--- INFORMATION SUPPLIED ---
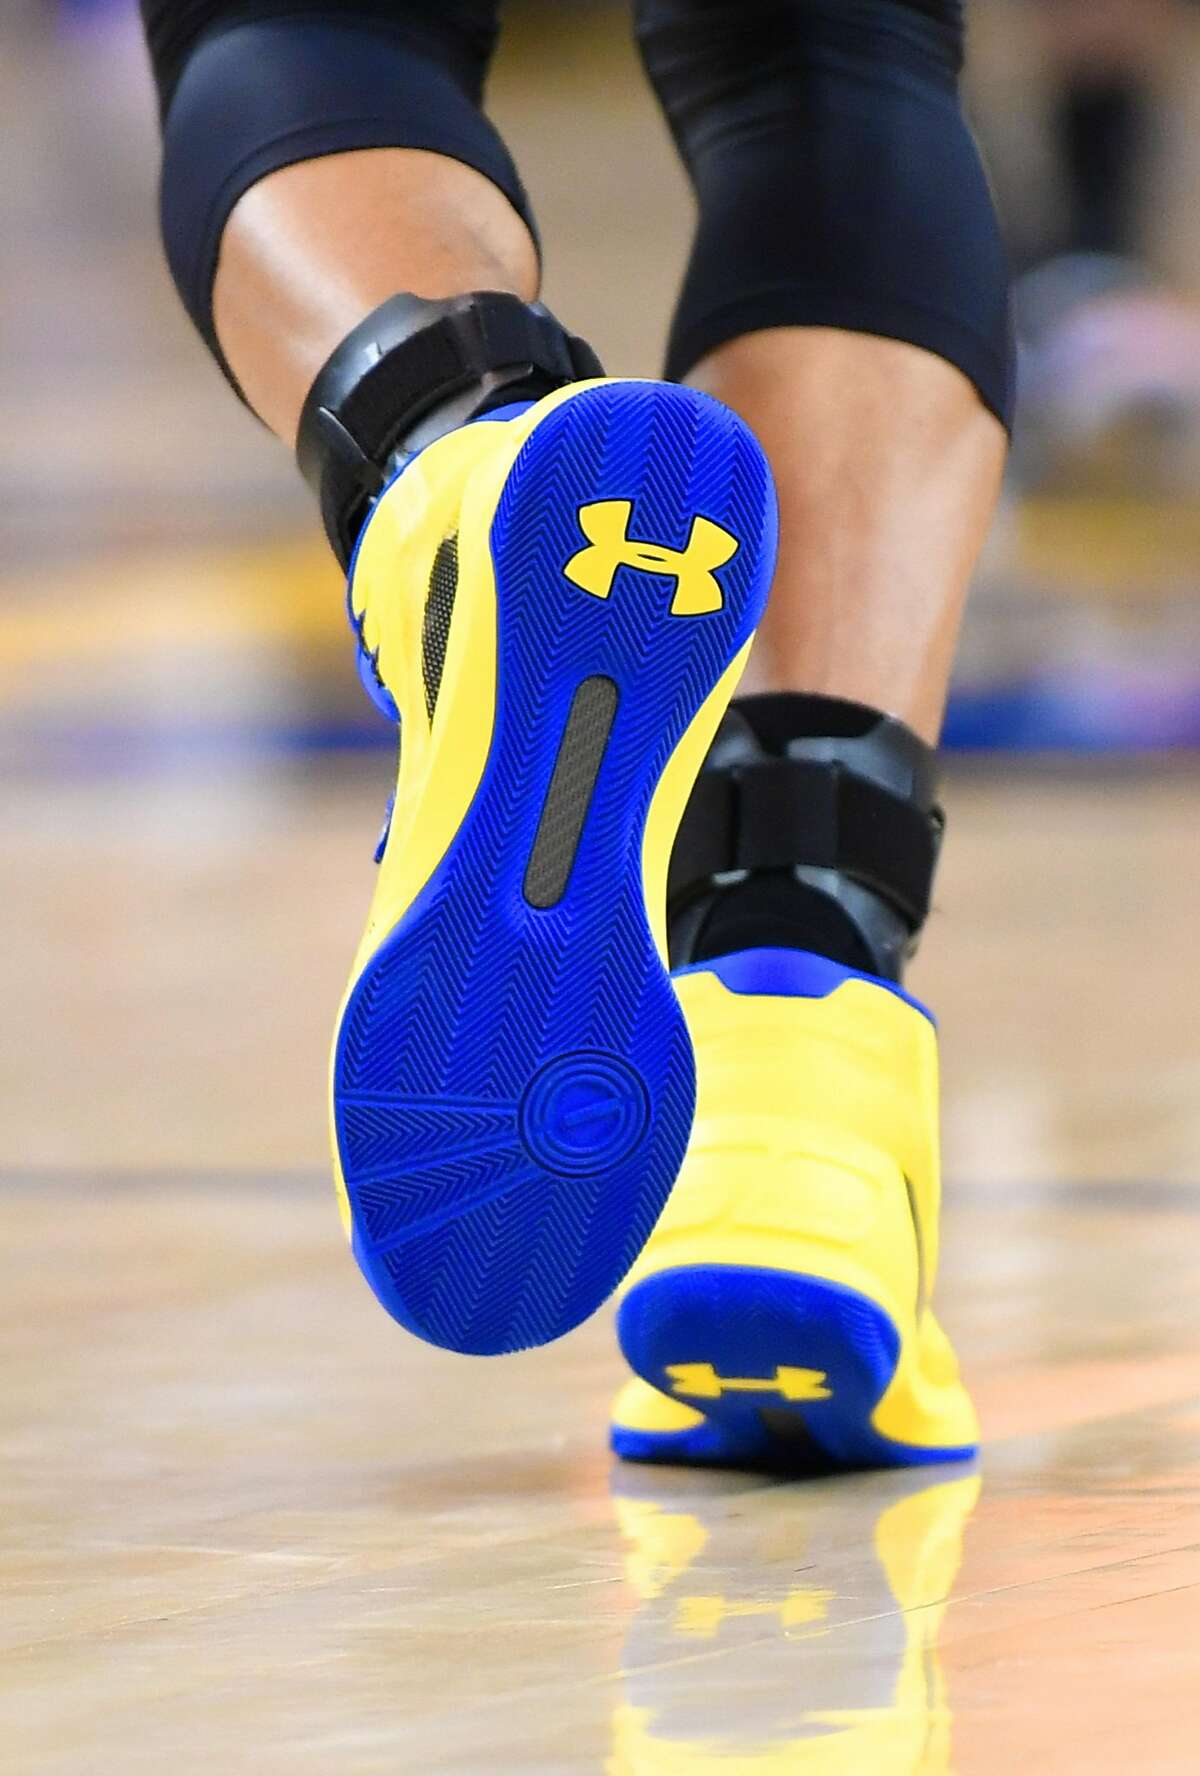 OAKLAND, CA - DECEMBER 03: A detailed view of the Under Armour Curry 3 basket ball shoes worn by Stephen Curry #30 of the Golden State Warriors against the Phoenix Suns during an NBA basketball game at ORACLE Arena on December 3, 2016 in Oakland, California. NOTE TO USER: User expressly acknowledges and agrees that, by downloading and or using this photograph, User is consenting to the terms and conditions of the Getty Images License Agreement. (Photo by Thearon W. Henderson/Getty Images)
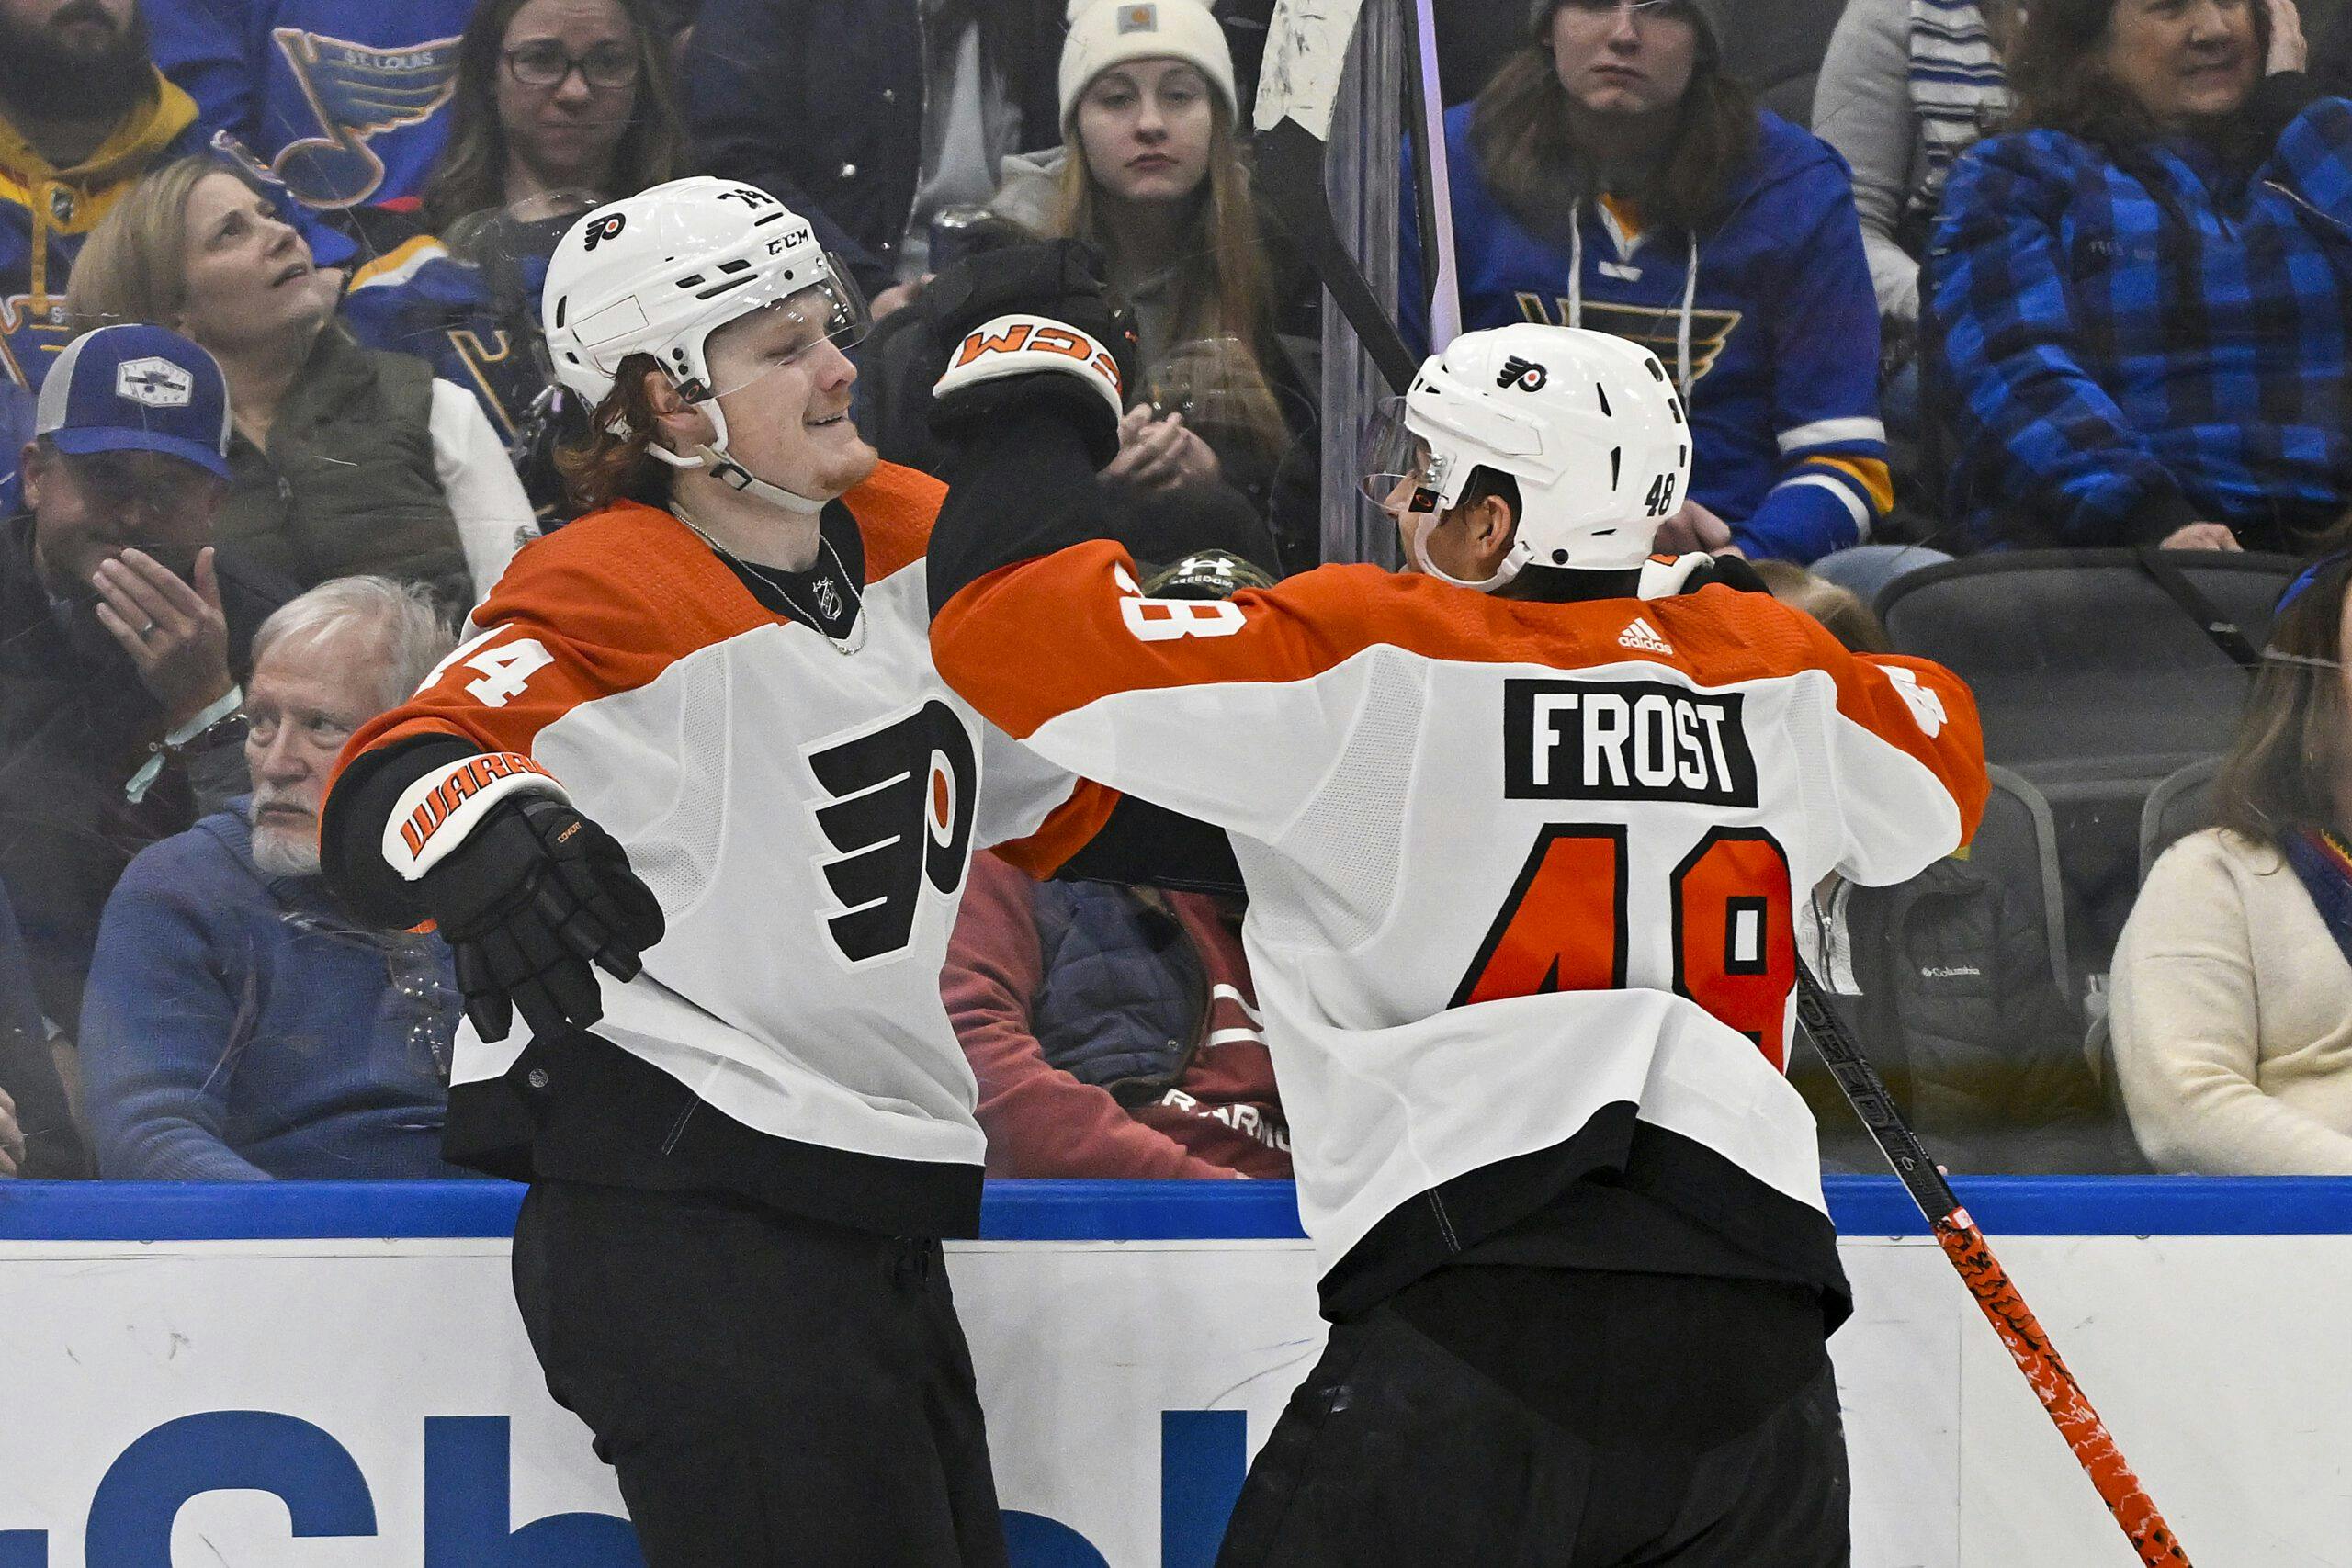 ‘We’re looking to prove people wrong:’ Flyers’ Morgan Frost wants to show team’s strong season was no fluke
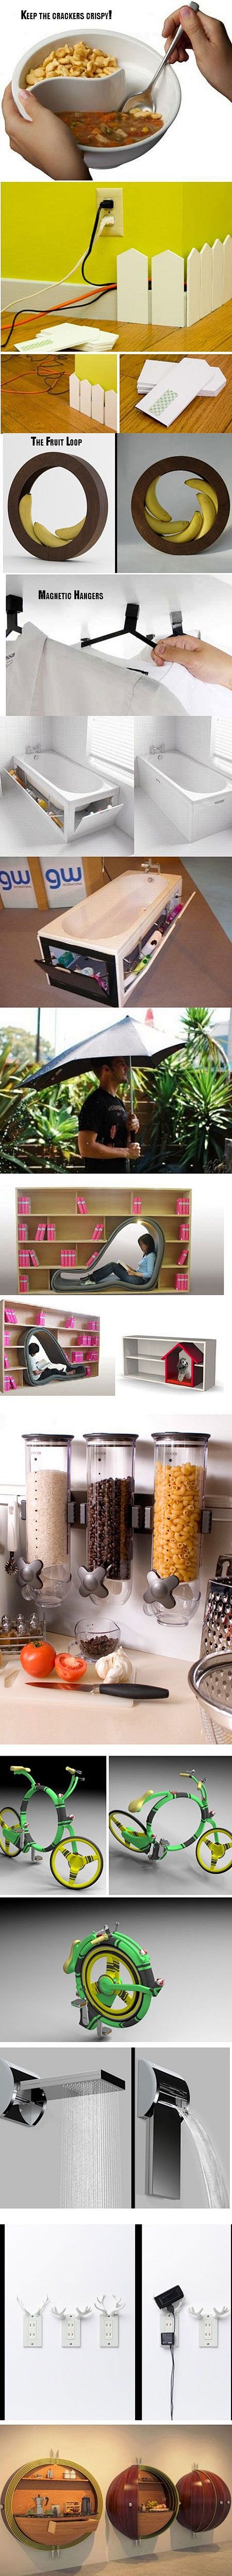 Clever inventions:
---
__REQUIREMENT__. Retype the whole listing, keeping every line identical and omitting all pictures.

__SOLUTION FOR THIS PROBLEM__.
 OAKLAND, CA - DECEMBER 03: A detailed view of the Under Armour Curry 3 basket ball shoes worn by Stephen Curry #30 of the Golden State Warriors against the Phoenix Suns during an NBA basketball game at ORACLE Arena on December 3, 2016 in Oakland, California. NOTE TO USER: User expressly acknowledges and agrees that, by downloading and or using this photograph, User is consenting to the terms and conditions of the Getty Images License Agreement. (Photo by Thearon W. Henderson/Getty Images)
 ‘We’re looking to prove people wrong:’ Flyers’ Morgan Frost wants to show team’s strong season was no fluke
 Clever inventions:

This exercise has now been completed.